# Where has dogloverx3 been????



## 2maltese4me (May 8, 2006)

I was looking for an update about her new pup and saw that she hasn't been on since 9-13????? Is she ok??? Has anyone heard from her??


----------



## Bonnie's Mommie (Mar 2, 2006)

I emailed Sarah a long time ago, and never heard anything. I hope she and the clan are okay.


----------



## Gregswife (Mar 6, 2006)

Quite a few of us have emailed Sarah, and she has been online since that time but none of us have gotten a reply. I assume that Princess Aribella has joined the clan by now. I miss the pics of Princess Charlotte...


----------



## 2maltese4me (May 8, 2006)

Ya, I was concerned because I pm'd her awhile ago and I didn't recieve a response....typically she pm's back. I really hope everything is ok.


----------



## I found nemo (Feb 23, 2006)

I PM'd her 2 x and so have others, I think it would have been nice of her to at least get back to one of us..
I have no idea why she is not getting back to anyone.. I hope she is well, and I miss the Princess aslo


Andrea~


----------



## Gemma (Jan 19, 2006)

I pm'ed her couple of days ago but if she has not even logged in then she hasn't seen it yet. very worried


----------



## I found nemo (Feb 23, 2006)

> I pm'ed her couple of days ago but if she has not even logged in then she hasn't seen it yet. very worried
> 
> 
> 
> ...










I PM'd her back in August and someone else did like 5x








From August to September!! She has been on SM, since then...
So I dont know what is going on ...

Andrea~


----------



## Bonnie's Mommie (Mar 2, 2006)

Sarah made a comment once that certain people (I have NO idea who) wouldn't comment on Princess Charlotte's pictures because she wasn't a purebred Maltese. It wasn't long after that that she stopped posting. I've always wondered it this is why. It would be a real shame if that was the case. There are a lot of Malt-mixes on here, and they're just as beautiful and perfect as purebreds in my opinion.
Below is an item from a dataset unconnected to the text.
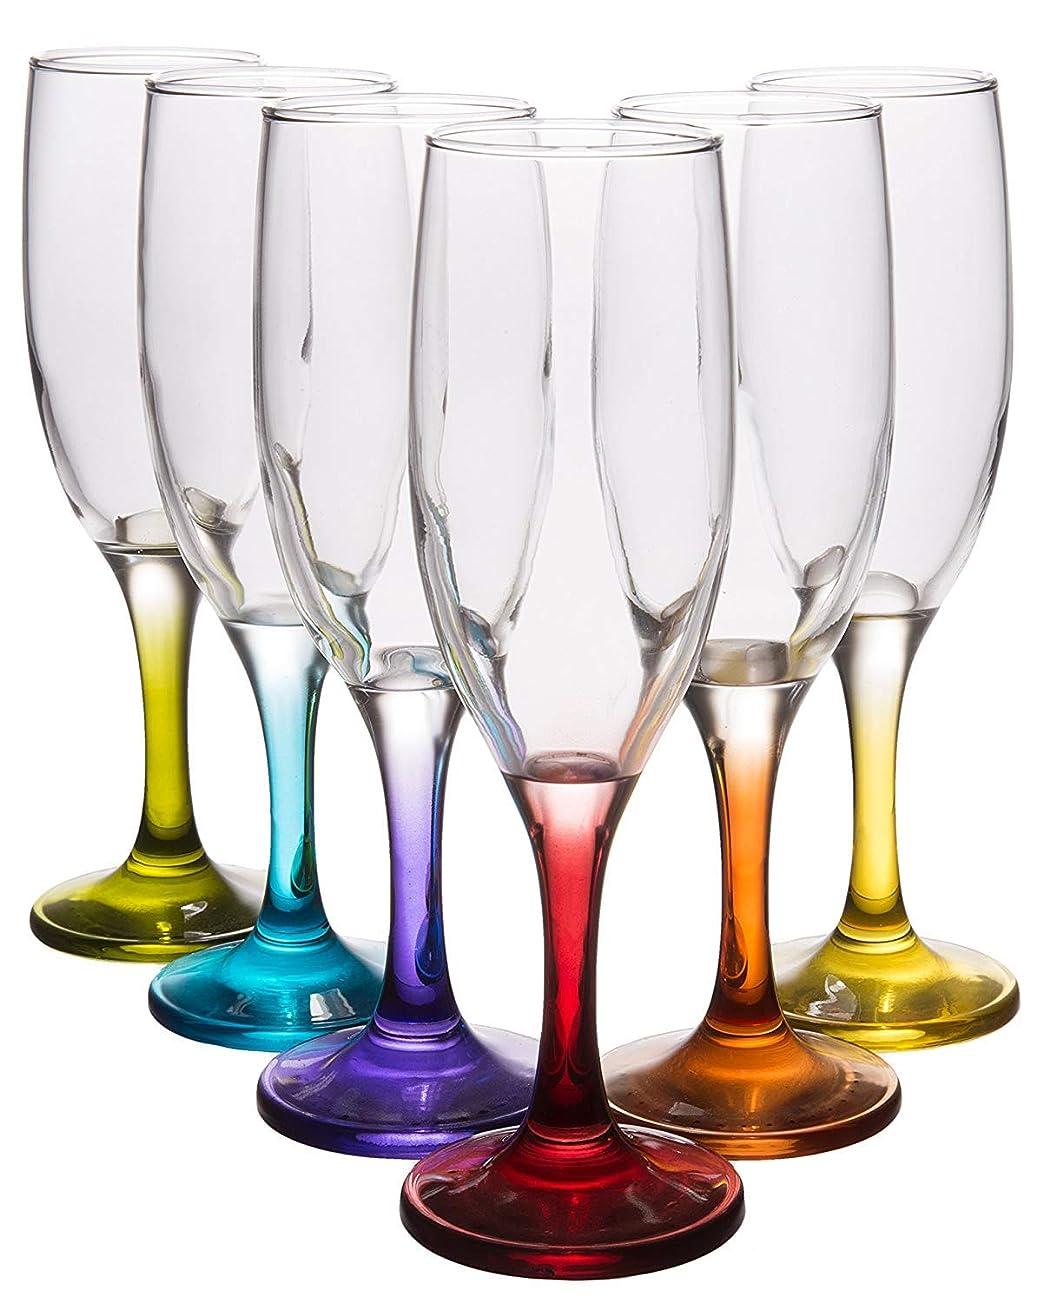 スローガントロリー申請中Coral Fame クラシックシャンパンフルート エレガントなクリスタルクリアワイングラス 色付きステム付き 6個セット 7.25液量オンス

Sarah - if you read this - we love you and miss you.


----------



## I found nemo (Feb 23, 2006)

> Sarah made a comment once that certain people (I have NO idea who) wouldn't comment on Princess Charlotte's pictures because she wasn't a purebred Maltese. It wasn't long after that that she stopped posting. I've always wondered it this is why. It would be a real shame if that was the case. There are a lot of Malt-mixes on here, and they're just as beautiful and perfect as purebreds in my opinion.
> 
> Sarah - if you read this - we love you and miss you.[/B]










Yes I know all about that, and it's terrible.. But I don't think that is the reason, I think I know what it is, but I am not going to say it..
I love the princess as do many others..

Andrea~


----------



## KimKarr (Feb 4, 2006)

Her photos were some of my most favorite ever and I would share them with family and friends. I really miss her posts and, of course, all of her pups. I'm sorry if someone hurt her feelings - that's a shame. It doesn't matter one whit if the babies are 100% purebred or even if they are Maltese, to me. I just love sharing information and photos with all of you.


----------



## zsazsasmom (Nov 1, 2004)

I just loved looking at her babies, she takes wonderful photos







Please bring your pictures back!


----------



## Brinkley & Neyland's Mom (Jun 14, 2004)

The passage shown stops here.